It would be cleaner/more consistent to expect all MARIS LUT values in their encoded (integer) form during SQL import, rather than receiving a mix of decoded display names and encoded IDs.
Write CSV files
Rename columns via CSV_VARS, then write one file per group.
source
to_csv_files
def to_csv_files(
dfs:dict , # dict of DataFrames keyed by sample group
fname_in:str , # Input NetCDF file path
dest_out:str = None , # Destination path stem; defaults to fname_in stem
):
Rename columns and write one CSV per group.
test = {'SEAWATER' : pd.DataFrame({'TIME' : [1 ], 'VALUE' : [2 ]})}
fname = Path('/tmp/test_nc2csv' )
to_csv_files(test, fname)
res = pd.read_csv(f' { fname} _SEAWATER.csv' )
test_eq(list (res.columns), ['begperiod' , 'activity' ])
Path(f' { fname} _SEAWATER.csv' ).unlink()
Entry point
to_csv composes the helpers in order.
source
to_csv
def to_csv(
fname_in:str , # MARIS standard NetCDF file path
dest_out:str = None , # Destination path stem; defaults to parent of fname_in
ref_id:int = None , # Reference ID to add as REF_ID column
):
Convert MARIS standard NetCDF file to import-ready CSV files.
Usage example
Convert a MARIS standard NetCDF file to import-ready CSV files using to_csv .
fname_in = Path('files/nc/100_HELCOM_MORS_2024.nc' )
to_csv(fname_in, ref_id= 100 )
[Path('files/nc/100_HELCOM_MORS_2024_BIOTA.csv'),
Path('files/nc/100_HELCOM_MORS_2024_SEAWATER.csv'),
Path('files/nc/100_HELCOM_MORS_2024_SEDIMENT.csv')]
to_csv produces one CSV per sample type group found in the NetCDF file.

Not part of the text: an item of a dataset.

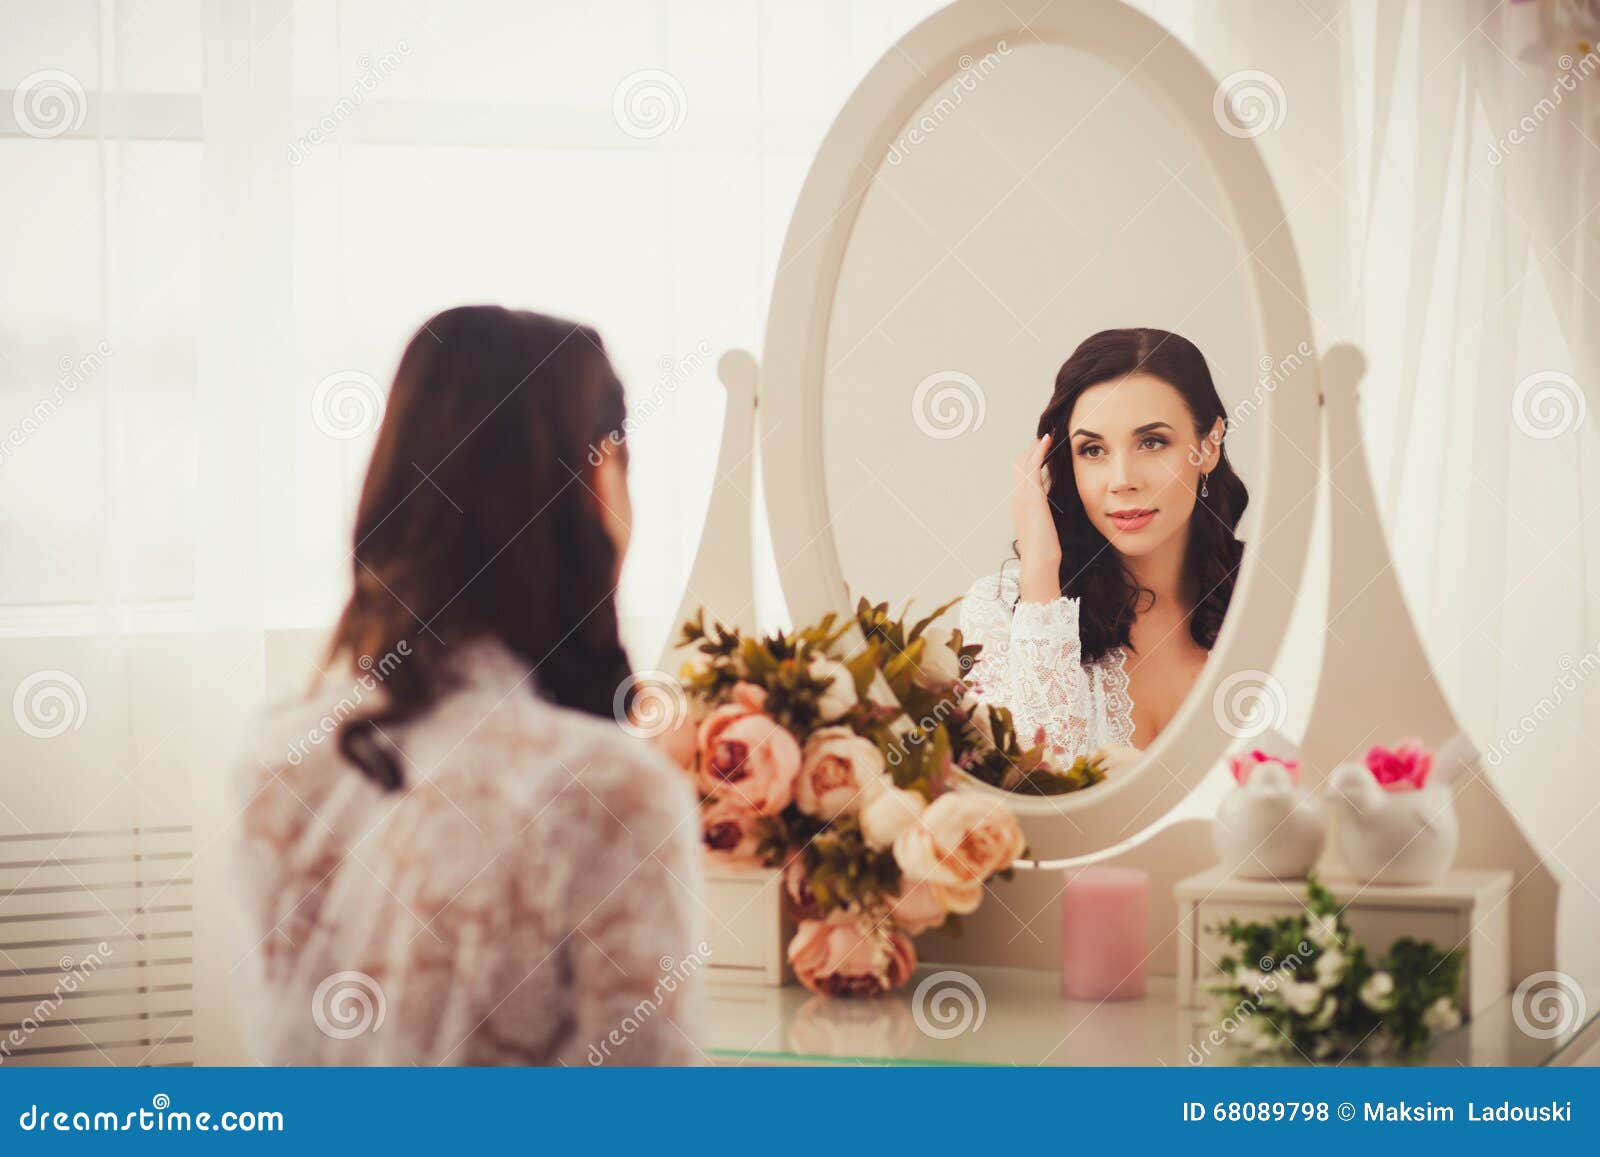 Женщина в зеркале содержание чем закончится. Отражение женщины в зеркале. Девушка в отражении зеркала. Женщина смотрит в зеркало. Любуется в зеркало.

for f in sorted (Path('files/nc/' ).glob('100_HELCOM_MORS_2024_*.csv' )): print (f.name)
100_HELCOM_MORS_2024_BIOTA.csv
100_HELCOM_MORS_2024_SEAWATER.csv
100_HELCOM_MORS_2024_SEDIMENT.csv
The output CSV includes 23 columns: sample metadata, activity, detection limit info, taxon details for biota, and reference ID. Below the first row:
df = pd.read_csv('files/nc/100_HELCOM_MORS_2024_BIOTA.csv' )
print (df.head(1 ).T)
0
samplabcode BBFFG1999001
longitude 13.72
latitude 54.22
sampdepth 0.0
begperiod 929404800
station BGBODD
nuclide_id 4
activity 841.0
unit_id 4
uncertaint 58.87
detection =
BIO_GROUP 11
species_id 96
bodypar_id 54
drywt NaN
wetwt NaN
percentwt 0.1692
samptype_id 2
ref_id 100
taxonname Fucus vesiculosus
taxonrank species
taxondb Wikidata
taxondb_id Q754755
taxondb_url https://www.wikidata.org/wiki/Q754755